Fig. 1. Polarograms of \(10^{-3}\ \mathrm{M}\ \mathrm{Na_2S}\) with a hanging mercury drop electrode (drop weight 3.2 mg). Rate of change of voltage: 0.8 V/min. Points on the abscissa axis mark the potentials at which the \(i,t\) curves were measured (see Fig. 2)

In evaluating the results of calculations from the \(i,\varphi\) curves, it is necessary to bear in mind that the moment at which formation of a monomolecular HgS layer is completed cannot be determined precisely from these data, since the position of the minimum only approximately indicates it. The minimum is determined mainly by the ratio between the rate of change of the potential of the mercury–film boundary as the cell voltage increases and the ohmic voltage drop in the film, which changes especially strongly at the moment when the construction of the individual monomolecular HgS layers is completed. The position of the minimum is also affected by changes in diffusion with time. Taking this into account, the agreement between the calculated and experimental values of the quantities of electricity should be considered satisfactory.

From the \(i,t\) curves one can estimate the number of monomolecular layers of mercury sulfide which, at the measurement potential of a given \(i,t\) curve, completely stops the anodic dissolution of mercury, i.e., shifts the potential of the mercury–film boundary to the boundary of the region of anodic dissolution of mercury. For this purpose, the quantity of electricity corresponding to the entire \(i,t\) curve must be divided by the quantity of electricity corresponding to the deposition of one HgS layer. It turned out that the number of HgS layers is a linear function of the cell voltage; moreover, one monomolecular layer of mercury sulfide produces an ohmic voltage drop of, on average, 20 mV. The direct proportionality of the number of HgS layers to the voltage evidently reflects the fact that the individual HgS layers have the same resistance. The magnitude of this resistance can be estimated approximately from Fig. 1. The voltage difference between points 1 and 2 is close to the ohmic voltage drop in two HgS layers, although it is not exactly equal to it, since during the time elapsed in going from point 1 to point 2 the thickness of the diffusion layer changed. In reality, the voltage difference corresponding to the ohmic voltage drop in two monomolecular HgS layers is somewhat smaller than the voltage difference at points 1 and 2. If the influence of this factor is disregarded, the resistance of one HgS layer will be approximately \(50{,}000\ \Omega\).

Thus, ionization of mercury even in the presence on it of a sulfide layer

of mercury proceeds at appreciable rates, provided that the potential of the mercury–film boundary is sufficient for this process to occur in the absence of the film.
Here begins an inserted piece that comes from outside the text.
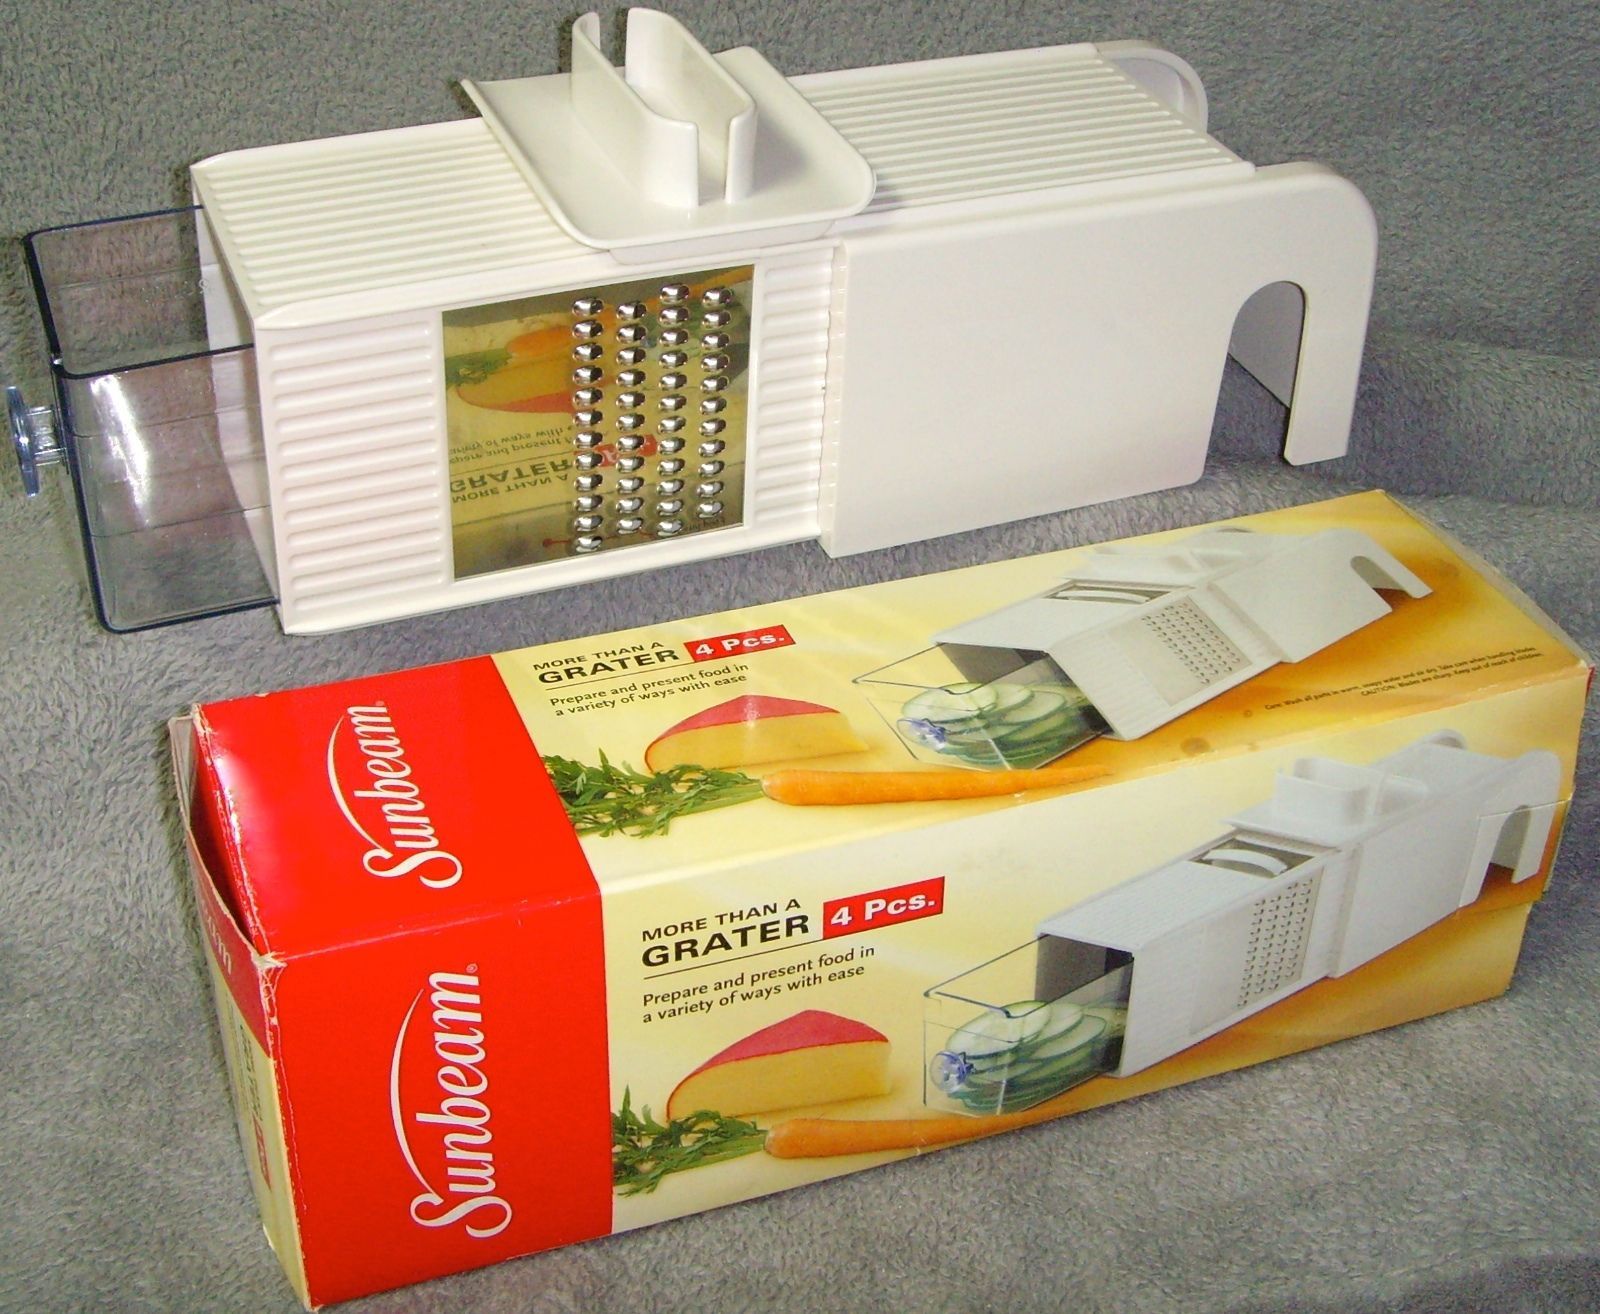 New in Box•Sunbeam•More Than A Grater•4 Piece•Grate/Slice/Shred/Chop•Model 63025 - $14.99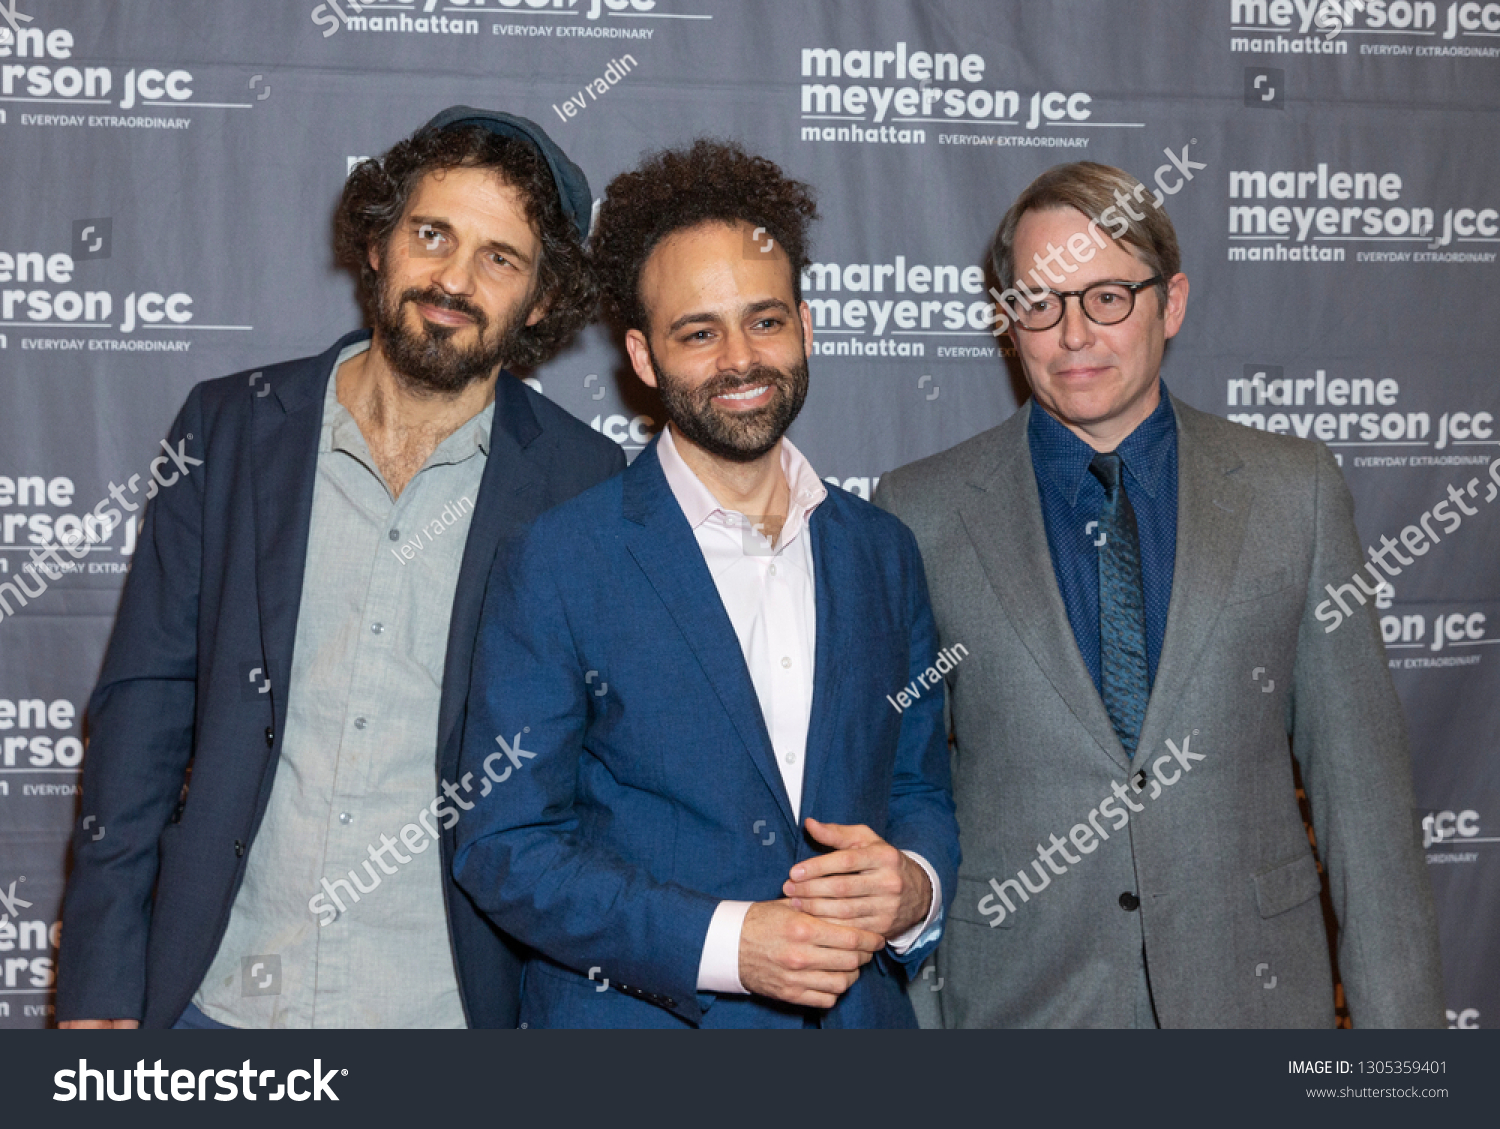 stock-photo-new-york-ny-february-actor-geza-rohrig-director-shawn-snyder-actor-matthew-broderick-1305359401.jpg

The latter, in accordance with the ideas of Kolthoff and Miller (¹), plays mainly the role of an ohmic resistance.

Phenomena analogous to those analyzed here were also observed (⁵) in the study of HCl solutions, in which mercury is covered with a film of calomel.

Fig. 2. Dependence of the anodic current on time in a \(10^{-3}\) M solution of \(\mathrm{Na_2S}\) (the same potassium nitrate as in Fig. 1) at voltages \(\varphi=-0.72\) V (a) and \(\varphi=-0.62\) V (b).

A thorough theoretical treatment of the data allowed the authors to draw important conclusions about the mechanism and kinetics of growth of calomel layers on mercury.

In conclusion, we note that the ohmic resistance of films covering mercury must be taken into account when considering electrocapillary curves.

We express our gratitude to Academician A. N. Frumkin for valuable comments made during discussion of the results.

Institute of Electrochemistry
Academy of Sciences of the USSR

Received
10 XII 1963

CITED LITERATURE

1. I. M. Kolthoff, C. S. Miller, J. Am. Chem. Soc., 63, 1405 (1941).
2. W. Kemula, Z. Kublik, J. Taraszewska, Bull. Acad. Polon. Sci., Ser. Sci. Chim., 8, 269 (1960).
3. A. Trifonov, Izv. Khim. Inst. Bulg. AN, 4, 21 (1956).
4. A. Frumkin, Koll.-Zs., 47, 229 (1929).
5. A. Bewick, M. Fleischmann, H. R. Thirsk, Trans. Farad. Soc., 58, 2200 (1962).